# WHAT IS NEEDED:
For this exercise, copy exactly the lines below from the one with "Prom Two Piece" through the one with "IBM (47J0139) - 16GB" and leave out the pictures.

START SUPPLIED MATERIAL

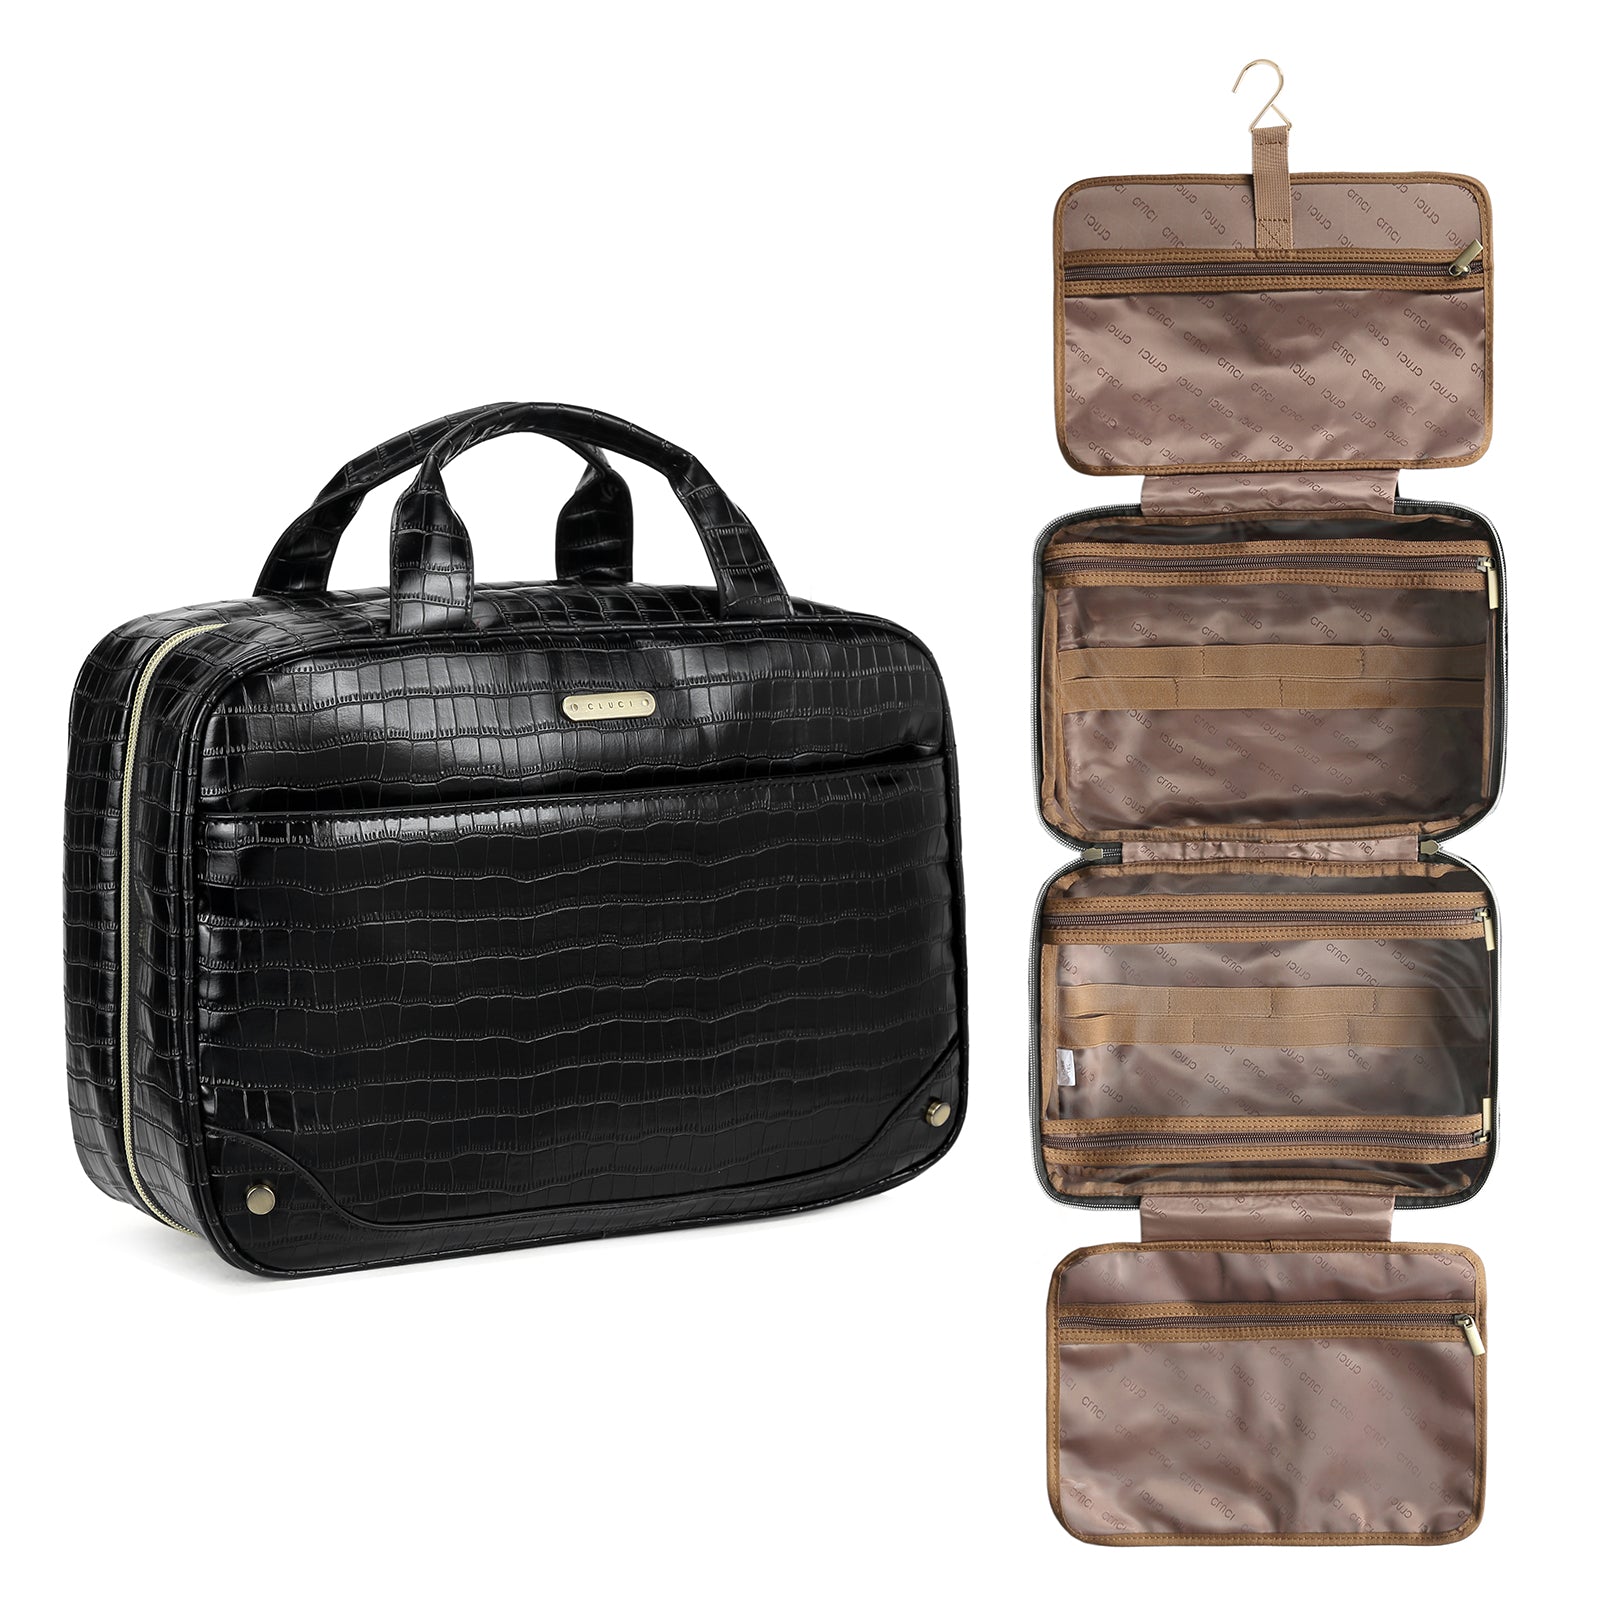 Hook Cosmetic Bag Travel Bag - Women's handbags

END SUPPLIED MATERIAL
START SUPPLIED MATERIAL

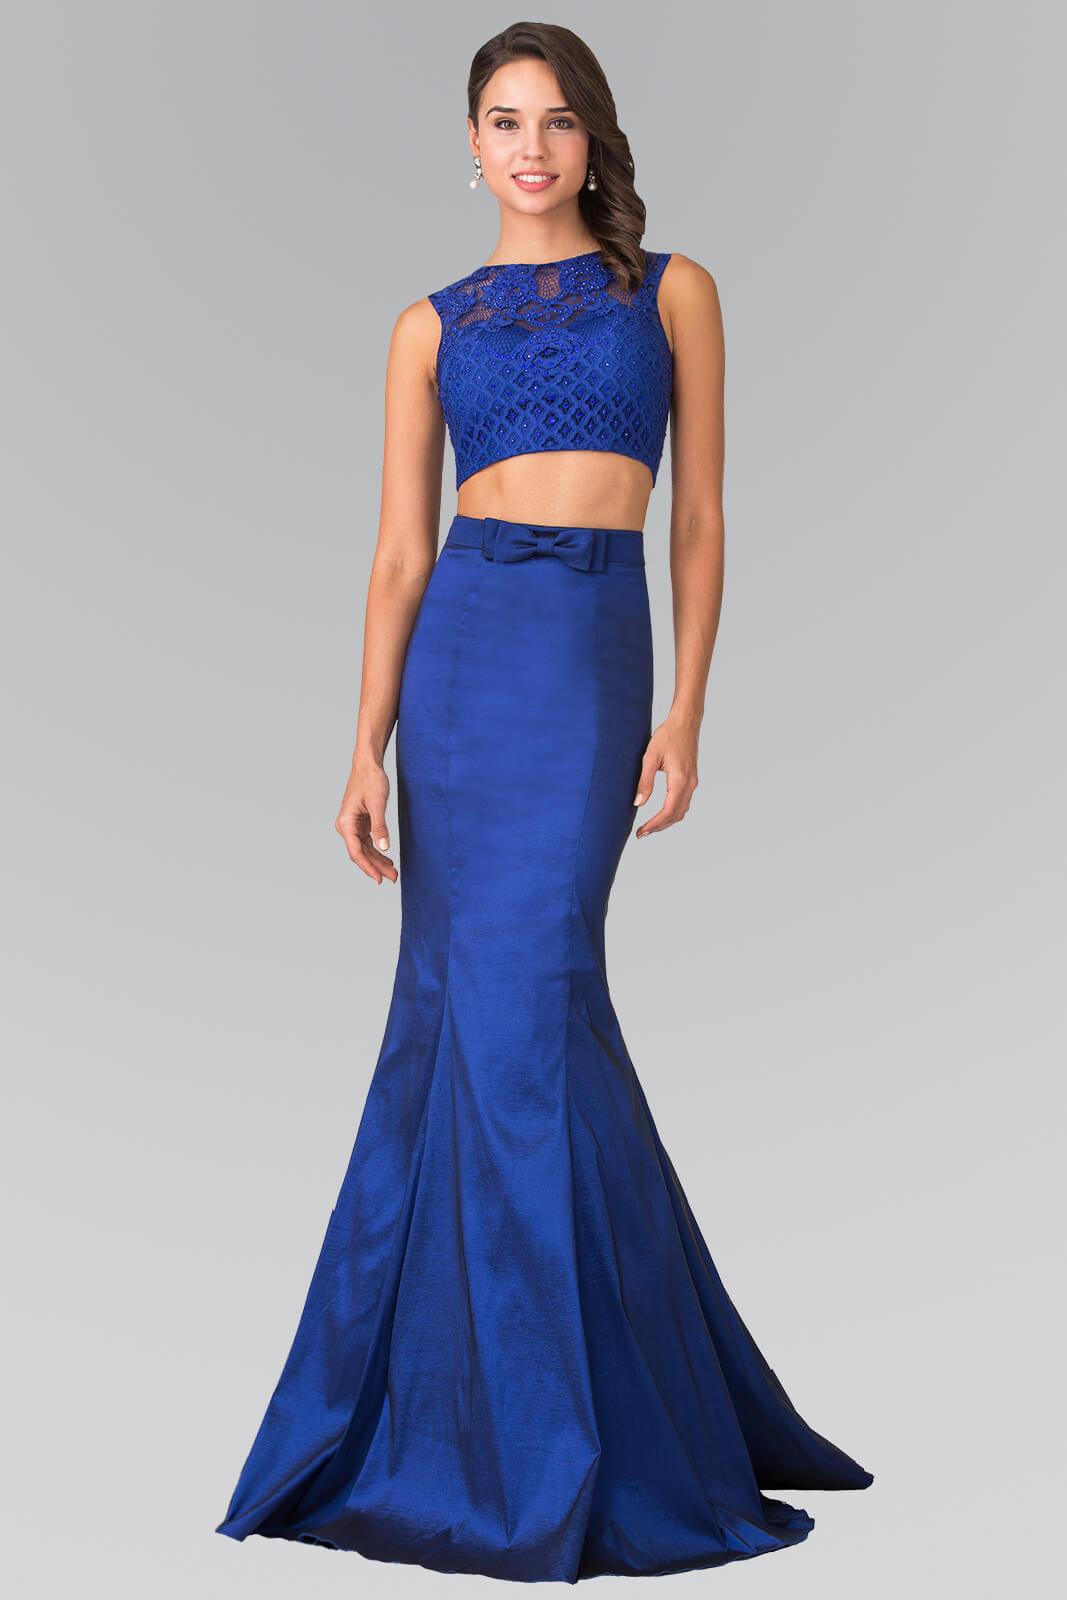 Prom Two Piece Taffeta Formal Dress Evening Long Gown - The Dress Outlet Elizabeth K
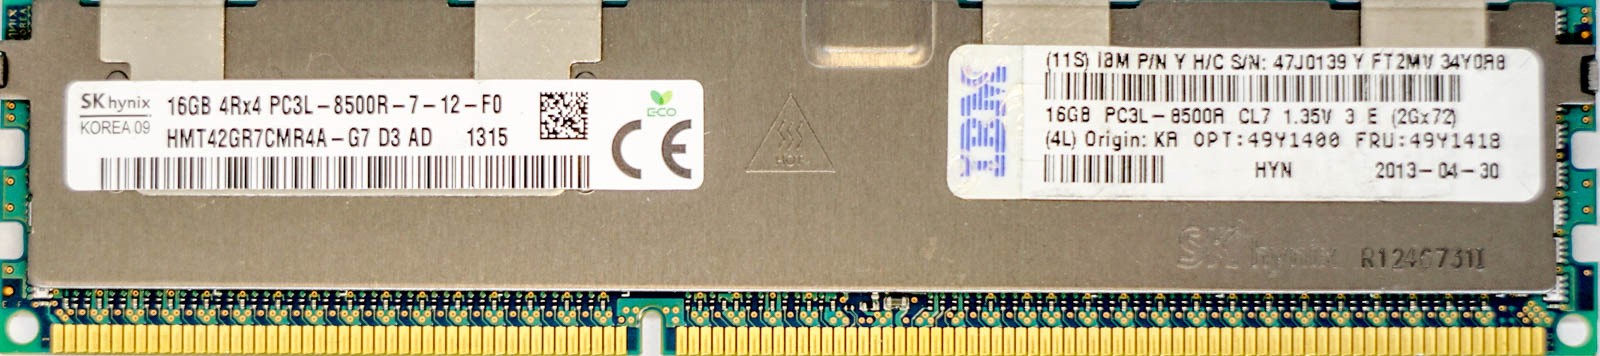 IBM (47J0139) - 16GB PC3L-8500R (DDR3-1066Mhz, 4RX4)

END SUPPLIED MATERIAL

# TASK ANSWER:
 Prom Two Piece Taffeta Formal Dress Evening Long Gown - The Dress Outlet Elizabeth K
 IBM (47J0139) - 16GB PC3L-8500R (DDR3-1066Mhz, 4RX4)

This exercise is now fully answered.